‘Self-Love’ is not a bubble bath

Self love is the best medicine.” — Paul Fishman — Life Coach.

Emily Dowman-Latham
6 min readNov 16, 2020

I know what you’re thinking,
‘Self love is not a bubble bath? *visions the most perfect bubble bath moment*
“what’s not to love about a lavender infused bubble bath on a wet Sunday afternoon, after a wholesome forrest walk with your partner who is now delicately singing Christmas songs downstairs as he begins making the perfect Sunday roast. — Hear me out.

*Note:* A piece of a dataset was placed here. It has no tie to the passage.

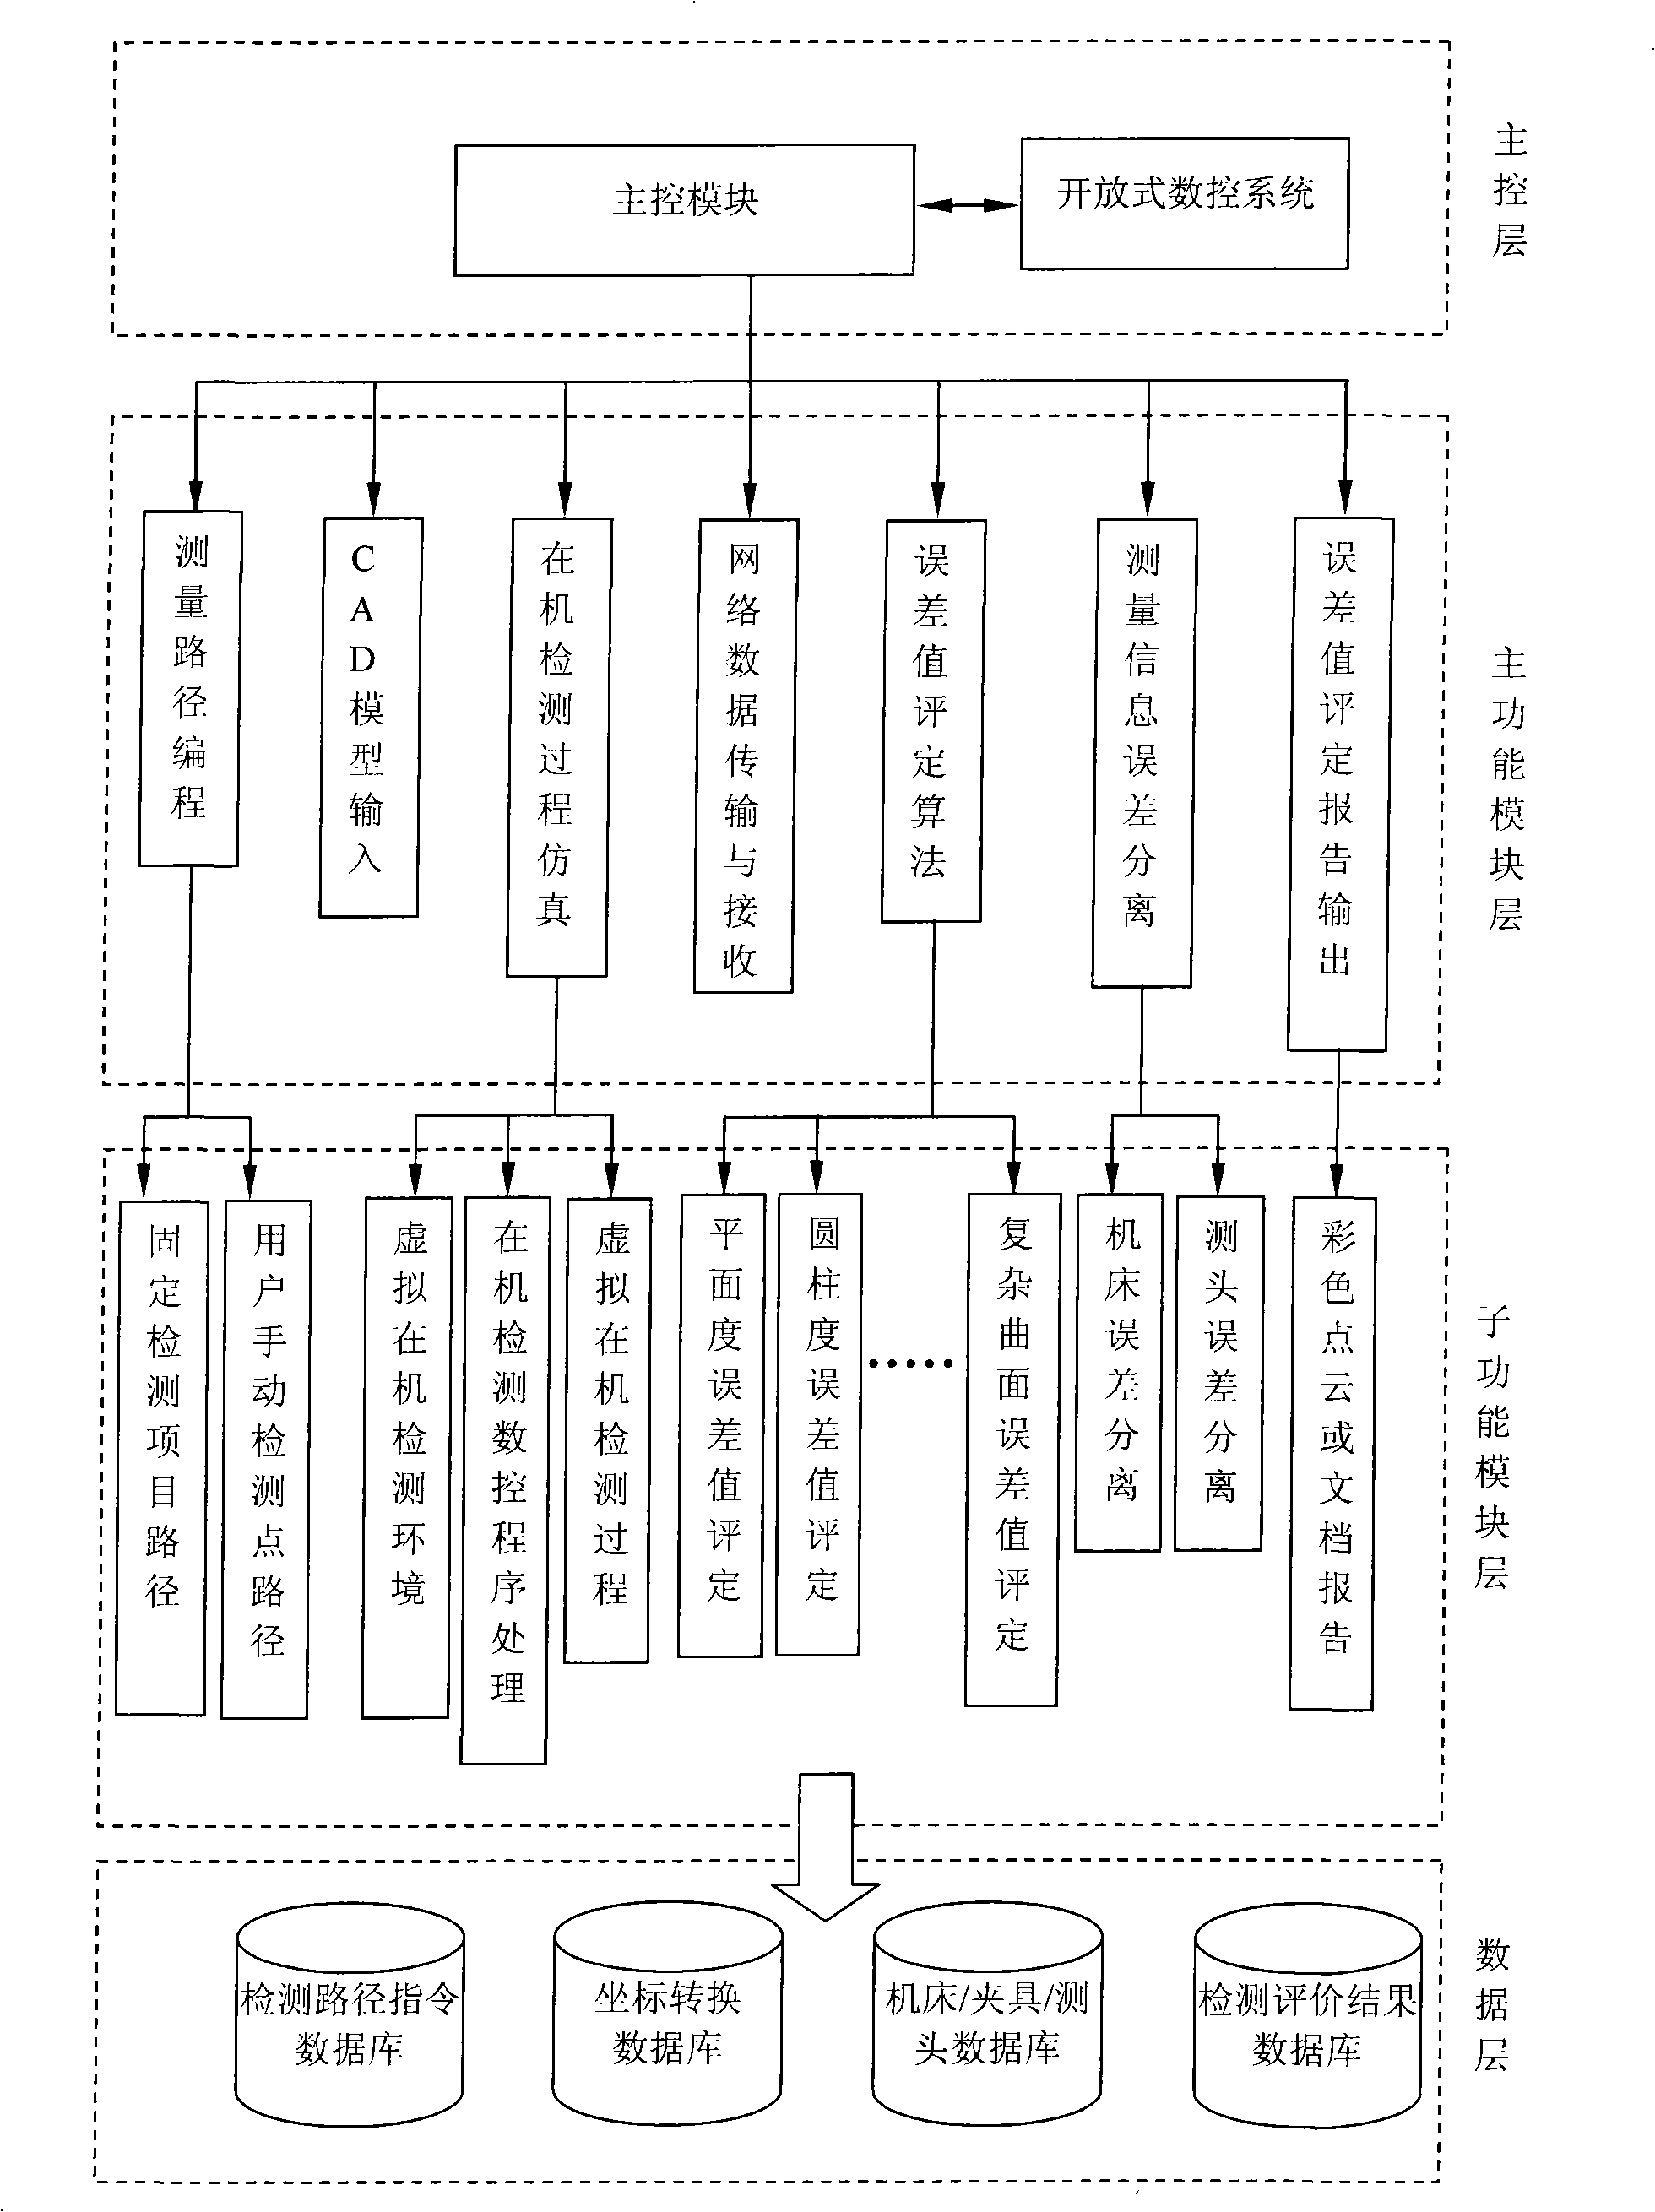 On-machine quality detecting system for complex space type surface

Previously before beginning this article I’ve had a big realisation in the last 24 hours.
There is a big difference between momentary self-care to actual self-love.

My realisation came about when I recently and for the first time, bought an massage treatment for myself on Treatwell — Actually, first massage I’ve ever had. (I know, wow.)
Now to put you in my head for a second, quite honestly this year has been one of the worst of my life, mentally.
I have truly lost control with my mind, my body — my hair is thinning, I’m feeling very run down and overall my stress management is none existent.
My sister was going for massage and asked me to join, I thought, Okay wow, I should go for one too, right? ‘I need to work on my self-love, let’s do it.’
First off, it was £60..
My head: Wow okay, but can I really afford this?
My heart: I mean the money is there, so yeah technically, you deserve this downtime for once!
..Um, right, er.. okay, sign me up!
On the way to the massage I was battling with the regret of parting with £60 for something that was literally an hour and when money is somewhat of an issue for me at the moment, I was now walking to this hour of self-indulgence when I should perhaps be looking for more work instead!
When I arrived, I couldn’t shrug the regret I was feeling for booking this appointment however the voice in my head was slightly hushed down by the company of my sister who was simply just very excited and nothing else!
During the massage, thoughts were floating around my mind.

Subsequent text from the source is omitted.